The DMA engine used in these designs makes use of a kernel driver which implements 'zero copy' buffering. In the test code presented in the previous section, the output_buffer contains the data as returned by the DMA hardware. There is no copying of the data from kernel to user space.

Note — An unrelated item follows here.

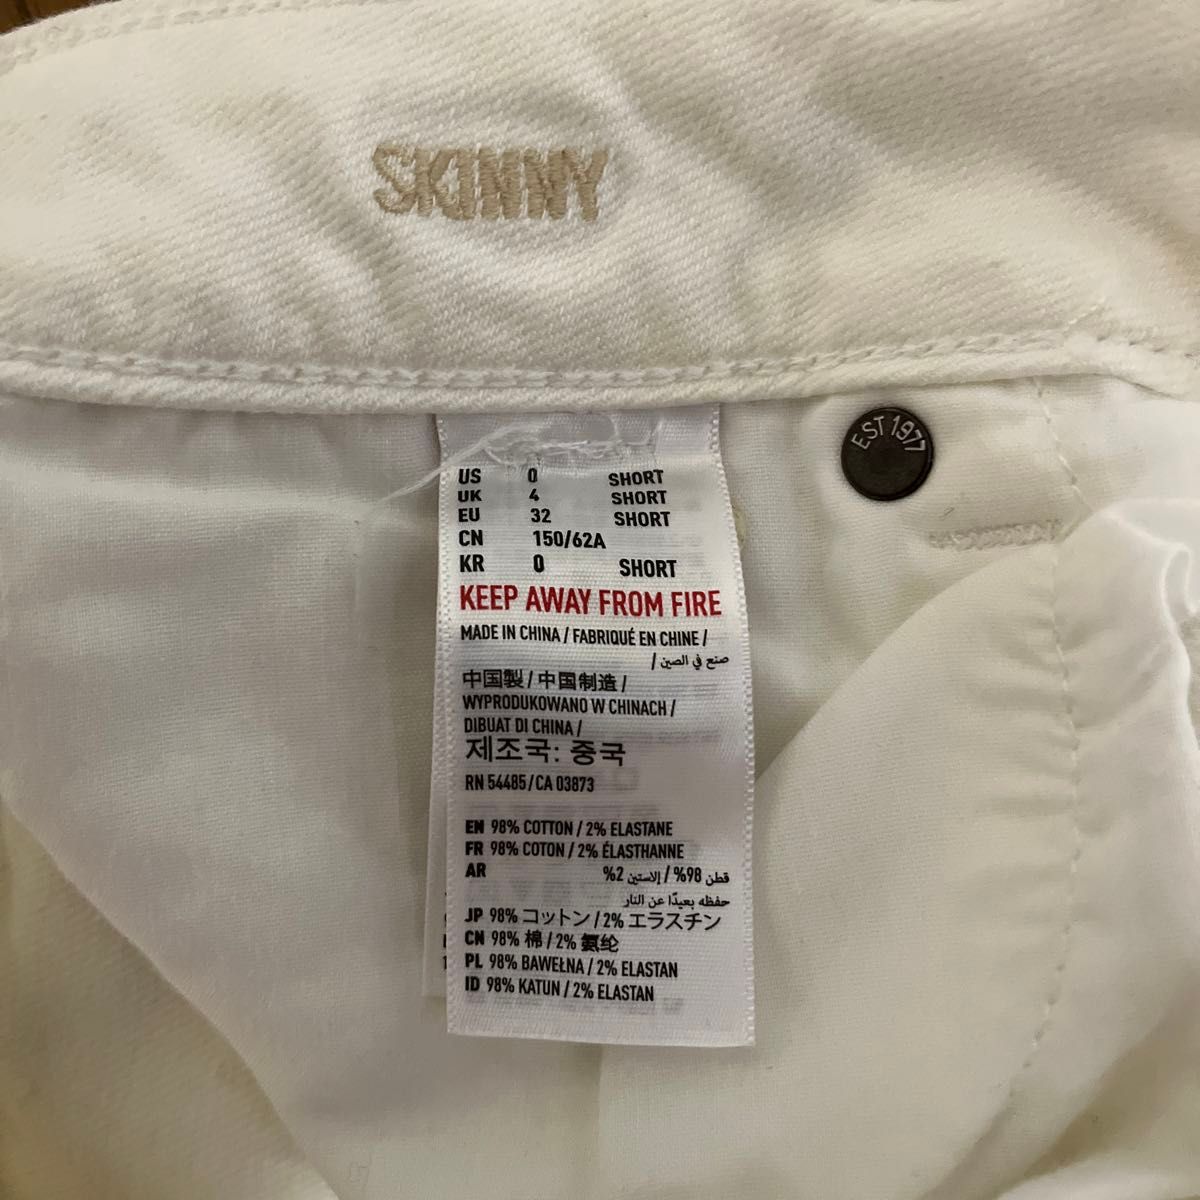 ダメージジーンズ ストレッチ スキニー パンツ ホワイトキッズ用ですが小型な人なら着れそうです。画像でサイズご確認下さい

In order to extend this zero copy approach into the user space processing the following code is used to create a numpy array which accesses the underlying data in the output_buffer. The numpy dtype is used to inform numpy of the correct representation of the data in the buffer. In the case of the testing in the previous section the data is represented as unsigned bytes:

import numpy as np
...
arr = np.frombuffer(ffi.buffer(output_buf, output_size), dtype=np.uint8)
...

In later testing, the data representation will be as an array of single precision floating point values:

...
arr = np.frombuffer(ffi.buffer(output_buf, output_size), dtype='<f')
...

Note that here we are making explicit the 'little endianess' character of the data as transferred by the DMA engine.

In general, the data buffer being used need only be allocated once and the numpy array view only created once. Updates to the underlying buffer may then be accessed via the numpy array:

>>> output_buf = _axidma.lib.axidma_malloc(axidma_dev, output_size)
>>> rc = _axidma.lib.axidma_oneway_transfer(
...     axidma_dev, input_channel, output_buf, output_size, True)
>>> fa = np.frombuffer(ffi.buffer(output_buf, output_size), dtype='<f')
>>> fa
array([ 0.3083179 ,  0.9512832 ,  0.7284651 , ...,  0.36743593,
       -0.63799417,  0.77004087], dtype=float32)
>>> fa[:20]
array([ 0.3083179 ,  0.9512832 ,  0.7284651 ,  0.68508244,  0.9684    ,
        0.24940169,  0.9687655 , -0.24797785,  0.7294713 , -0.684011  ,
        0.30971587, -0.9508289 , -0.18665934, -0.9824245 , -0.6368573 ,
       -0.77098143, -0.92950547, -0.3688078 , -0.99220634,  0.12460399],
      dtype=float32)
>>> fa[20:]
array([-0.8094486 ,  0.5871904 , -0.42644417, ...,  0.36743593,
       -0.63799417,  0.77004087], dtype=float32)
>>> rc = _axidma.lib.axidma_oneway_transfer(
...     axidma_dev, input_channel, output_buf, output_size, True)
>>> fa[:20]
array([-9.92207050e-01,  1.24598265e-01, -8.09452057e-01,  5.87185740e-01,
       -4.26449418e-01,  9.04511213e-01,  6.20511770e-02,  9.98072743e-01,
        5.35201192e-01,  8.44724417e-01,  8.75949264e-01,  4.82402682e-01,
        9.99999523e-01,  7.40885735e-04,  8.76663089e-01, -4.81104255e-01,
        5.36452055e-01, -8.43930483e-01,  6.35299683e-02, -9.97979760e-01],
      dtype=float32)
>>> fa[20:]
array([-0.4251088 , -0.90514207, -0.8085811 , ..., -0.9824265 ,
       -0.6368487 , -0.7709886 ], dtype=float32)
>>> rc = _axidma.lib.axidma_oneway_transfer(
...     axidma_dev, input_channel, output_buf, output_size, True)
>>> fa[:20]
array([ 0.06353569, -0.9979794 , -0.42510355, -0.90514445, -0.80857766,
       -0.5883889 , -0.9920206 , -0.12607384, -0.93005085,  0.3674302 ,
       -0.63799894,  0.77003694, -0.18811464,  0.98214686,  0.3083067 ,
        0.9512868 ,  0.7284571 ,  0.685091  ,  0.968397  ,  0.24941301],
      dtype=float32)

As can be seen from the above output, successive DMA accesses update the numpy array contents transparently without any requirement to actually copy the data.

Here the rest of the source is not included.